Cleaning eggs

I have a small chicken tractor with just two hens. The roost nest is in the back furthest from the open “run” area. My hens like to get back in there and sleep in the roost box which creates a problem with chicken poop building up if its not changed every other day. My questions are, when would you throw away an egg due to it having manure on it (Say a hen messes once or twice directly on the egg) and the other question is how do I keep them from using the nest box as a sleeping location? They do have a board that they used to roost on until the rooster died that I had in there with them.

Matt Burks
McMinnville, Tennessee

No, don’t throw away eggs with manure on them. This is common and eggs are easily washed with plain old warm water. Hens using nesting boxes in a chicken tractor is a very common happening. Usually the only remedy is to make the coop larger and put higher roosts as chickens usually prefer to roost high and will then quit using the nest boxes to sleep in. — Jackie

Canning on a rocket stove

So, I’m getting ready to make my move back home to Canada. Starting to pack up the boxes, etc. The finances are going to be pretty tight until I find a job up home. With finances in mind, I was wondering about alternative heating methods for pressure canning i.e.) wood stove, open fire, etc.; Searching the internet, I found this video on test canning with a rocket stove: http://youtu.be/17tKFDo97Fc

Would using a rocket stove (I’ve built one before) be a do-able source of heat for pressure canning? Along with the question of course, safety and prudence come into play as well — constant monitoring to make sure the correct pressure is maintained, etc. Reading over the comments to the video there were some questions on safety, ruining your pressure canner, etc.

Cheryll Carter
Vineyard Haven, Massachusetts

While you can home can on a rocket stove, as seen in the video, I’d rather not. It’d be real hard to adjust the heat to vary the temperature when you are canning. You can certainly can on a wood stove with a flat top. I canned on my kitchen range for decades. On a kitchen range you can slide your canner a bit to the side to slow down the rising pressure or slip it back over the heat when you need to give it a boost upward. With the rocket stove, the heat needs to be regulated by the amount and kind of wood you have burning — very difficult. Also there’s the stability issue. A heavy canner can be dangerous on top of a rocket stove. I’d skip it. Or go with a table-top propane two or three burner and just use your small tanks to fire it and re-fill between canning operations. — Jackie

1 COMMENT

  1. Get brown egg layers and it doesn’t show as much :-)

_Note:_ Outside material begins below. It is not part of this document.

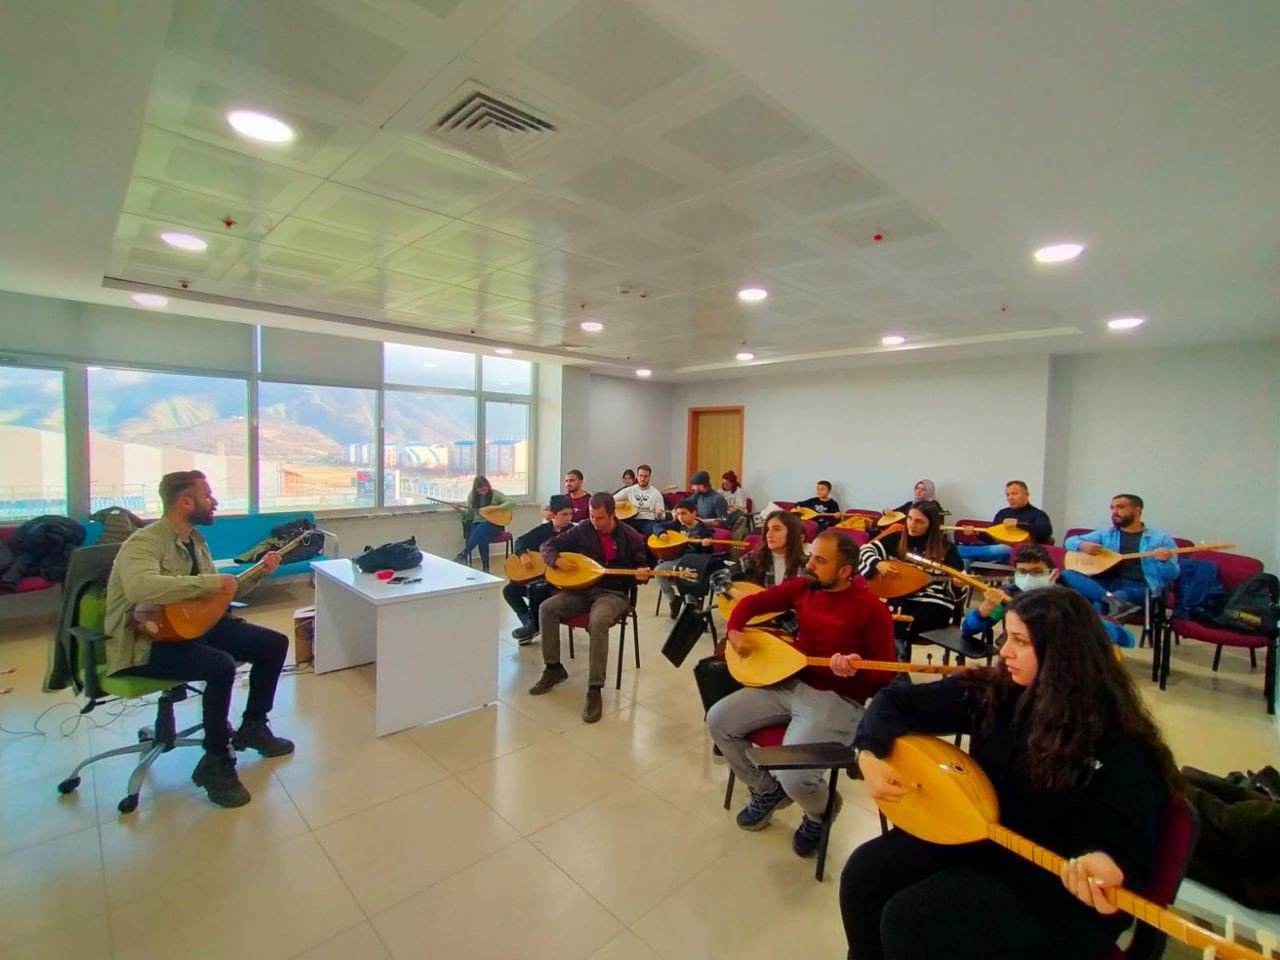 Tunceli Halk Eğitim Merkezi, 3 bin 118 kişiyi sertifikalandırdı
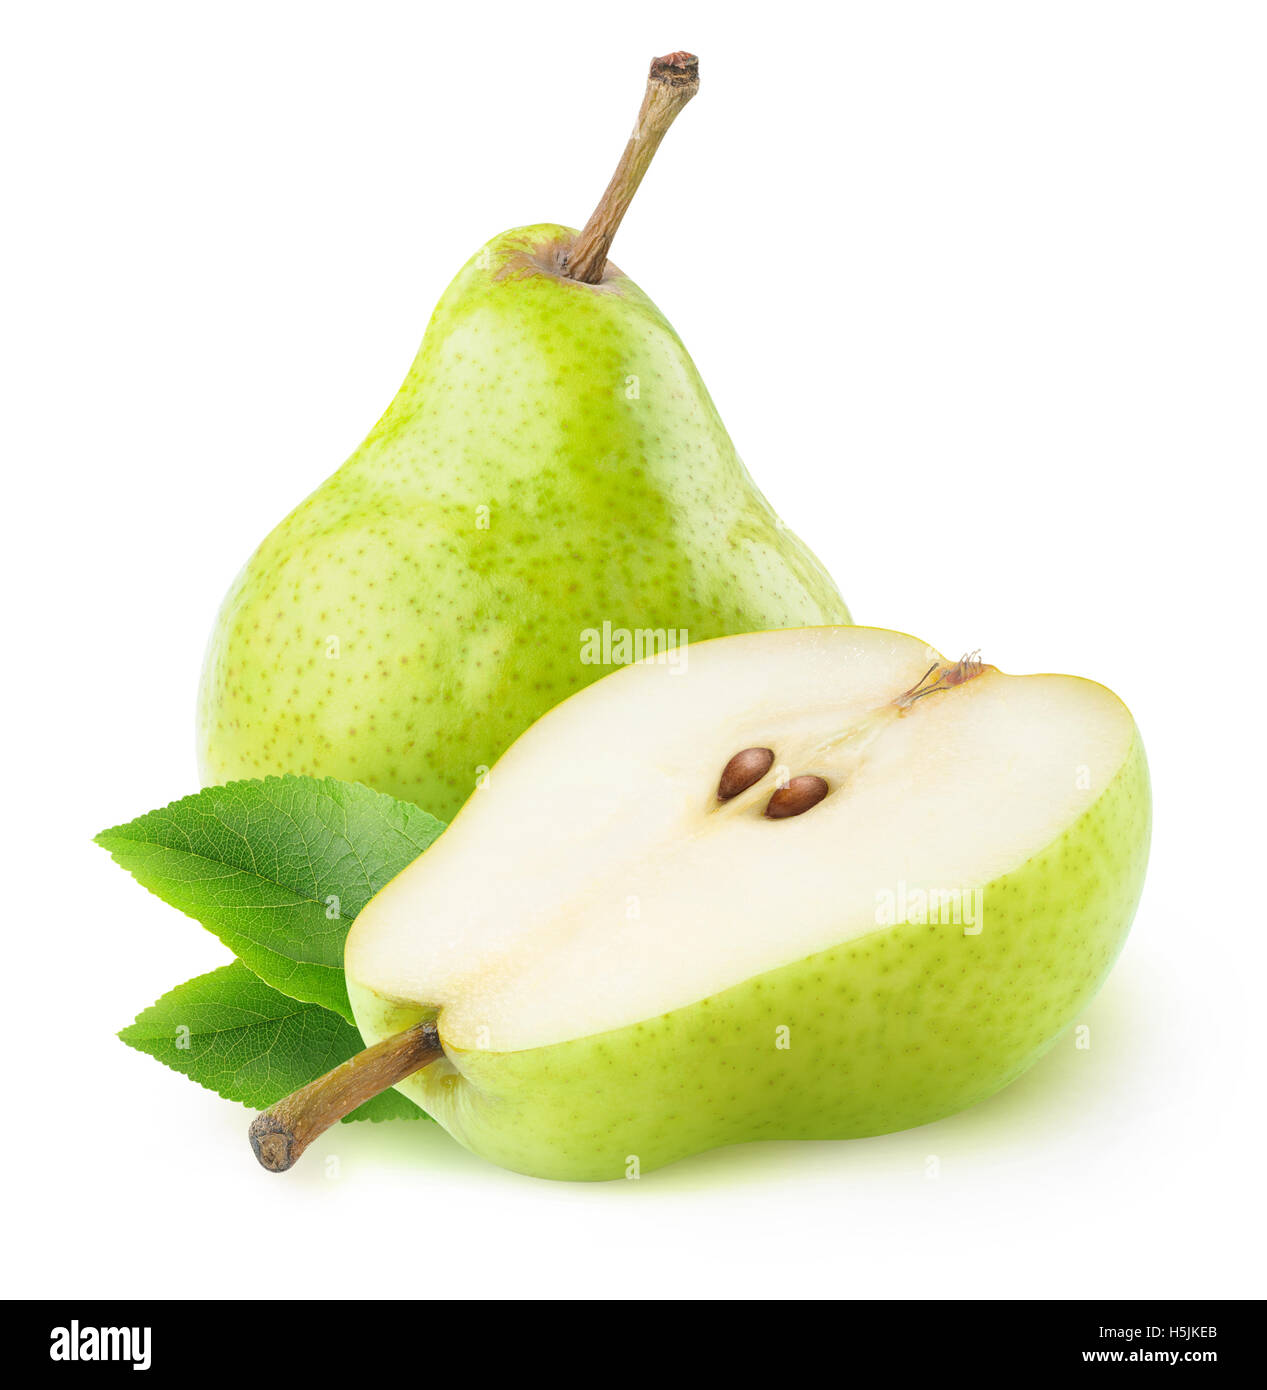 Isolato di pere. Una volta e mezza pera verde frutto isolato su sfondo bianco con tracciato di ritaglio Foto Stock

    I bought a 5 pack of green scrubbies for $1, and I cut one of those in half and use it to clean off the eggs under warm water. One half of a scrubbie will last me months and months.

    In my smaller coop (built when I didn’t know what I was doing, so there’s no easy fix) I often get poopie eggs. You have to clean them that day, otherwise the longer you wait the more stained they can get. I dump a bunch of shredded paper in here every couple of days and that really seems to help. Talk to some friends and perhaps you’ll find someone who can give you shredded paper from the office.

    I sell my eggs, so I usually just save the dirties for myself. The demand has picked up so much that often the dirties are the only eggs I have to eat!